Hoang Nhat-Duc
Institute of Research and Development, Duy Tan University, Da Nang 550000, Vietnam.
Faculty of Civil Engineering, Duy Tan University, Da Nang 550000, Vietnam.
Comput Intell Neurosci. 2021 Feb 16;2021:8820116. doi: 10.1155/2021/8820116. eCollection 2021.
Up-to-date information regarding impervious surface is valuable for urban planning and management. The objective of this study is to develop neural computing models used for automatic impervious surface area detection at a regional scale. To achieve this task, advanced optimizers of adaptive moment estimation (Adam), a variation of Adam called Adamax, Nesterov-accelerated adaptive moment estimation (Nadam), Adam with decoupled weight decay (AdamW), and a new exponential moving average variant (AMSGrad) are used to train the artificial neural network models employed for impervious surface detection. These advanced optimizers are benchmarked with the conventional gradient descent with momentum (GDM).

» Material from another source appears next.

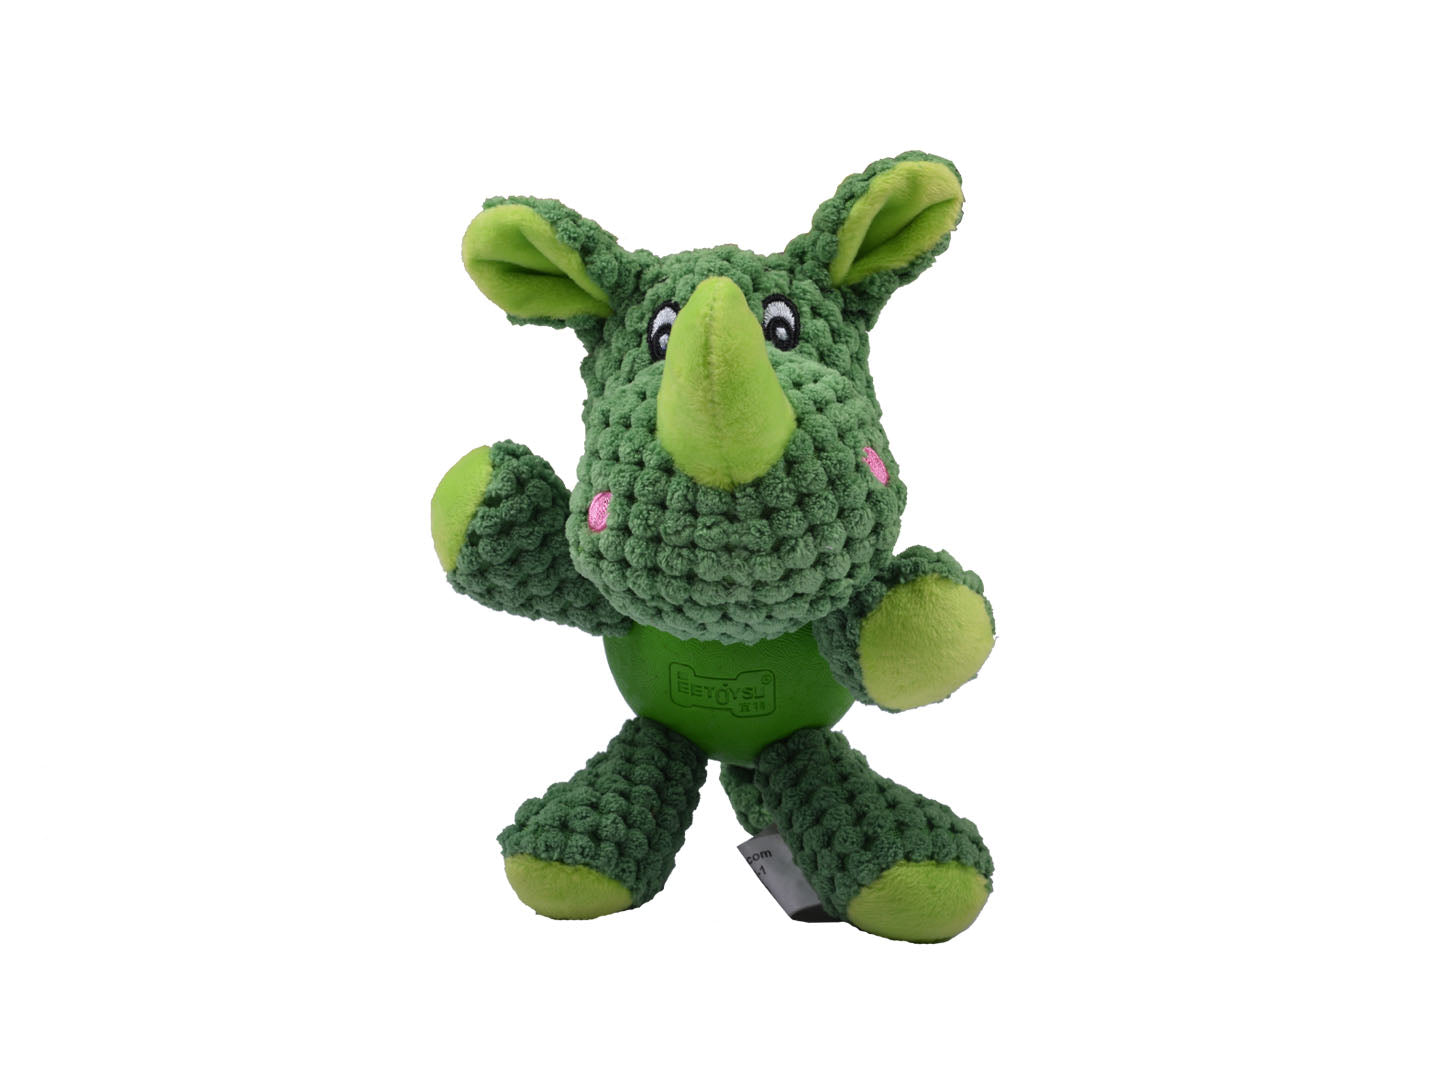 "Rawhorn The Rhino" Plush Dog Toy For Puppies And Gentle Chewers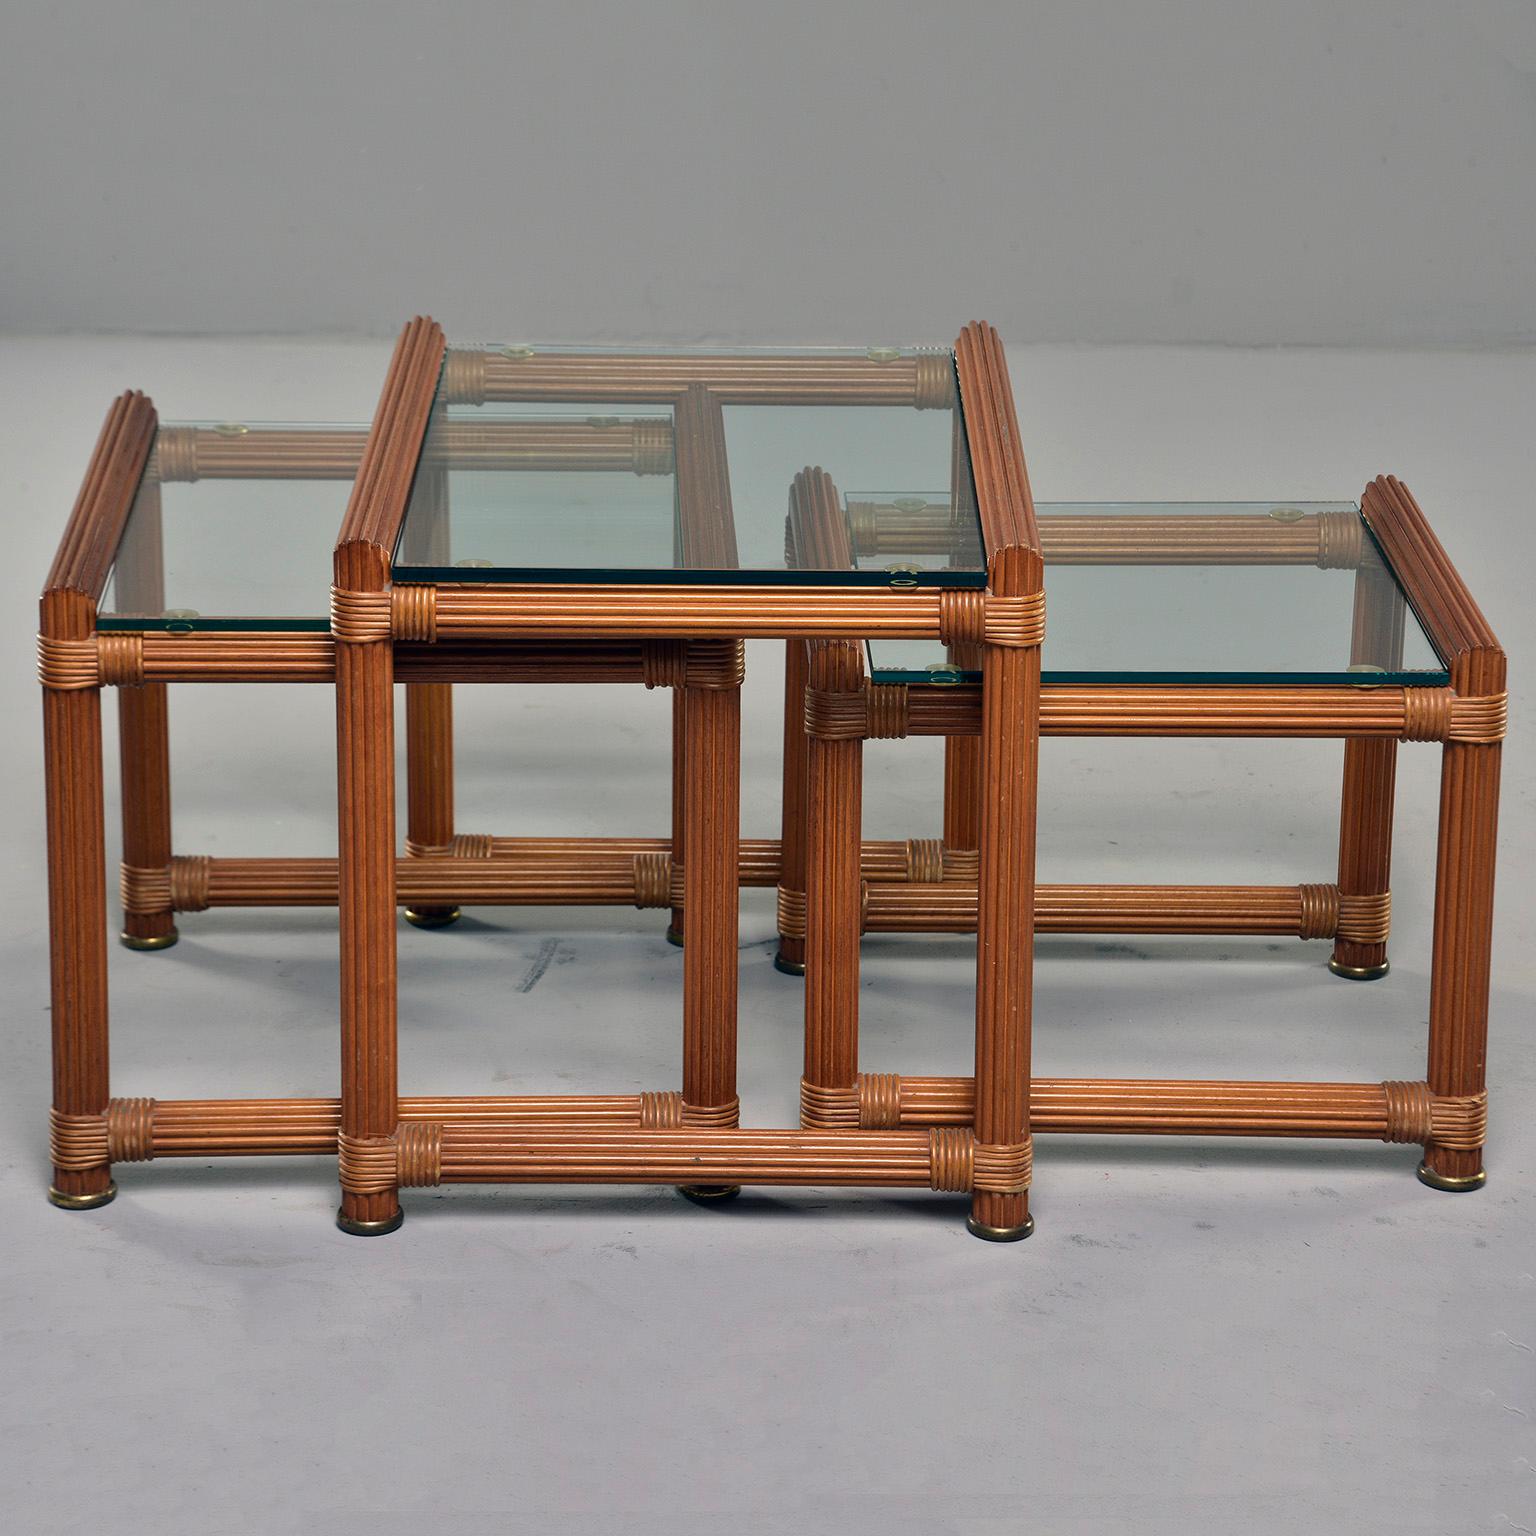 European Set of Three Midcentury Reeded Wood and Glass Topped Nesting Tables

Remotely sensed images collected from Sentinel-2 satellite for the study area of Da Nang city (Vietnam) are used to construct and verify the proposed approach. Moreover, texture descriptors including statistical measurements of color channels and binary gradient contour are employed to extract useful features for the neural computing model-based pattern recognition. Experimental result supported by statistical test points out that the Nadam optimizer-based neural computing model has achieved the most desired predictive accuracy for the data collected in the studied region with classification accuracy rate of 97.331%, precision = 0.961, recall = 0.984, negative predictive value = 0.985, and F1 score = 0.972. Therefore, the model developed in this study can be a helpful tool for decision-makers in the task of urban land-use planning and management.
有关不透水表面的最新信息对城市规划和管理很有价值。本研究的目的是开发用于区域尺度自动检测不透水表面积的神经计算模型。为完成此任务,使用了自适应矩估计(Adam)的高级优化器、Adam的一种变体Adamax、Nesterov加速自适应矩估计(Nadam)、带解耦权重衰减的Adam(AdamW)以及一种新的指数移动平均变体(AMSGrad)来训练用于不透水表面检测的人工神经网络模型。这些高级优化器与传统的动量梯度下降(GDM)进行了基准测试。使用从哨兵2号卫星收集的越南岘港市研究区域的遥感图像来构建和验证所提出的方法。此外,包括颜色通道统计测量和二元梯度轮廓的纹理描述符被用于为基于神经计算模型的模式识别提取有用特征。统计测试支持的实验结果表明,基于Nadam优化器的神经计算模型对研究区域收集的数据实现了最理想的预测精度,分类准确率为97.331%,精确率 = 0.961,召回率 = 0.984,阴性预测值 = 0.985,F1分数 = 0.972。因此,本研究中开发的模型可以成为城市土地利用规划和管理任务中决策者的有用工具。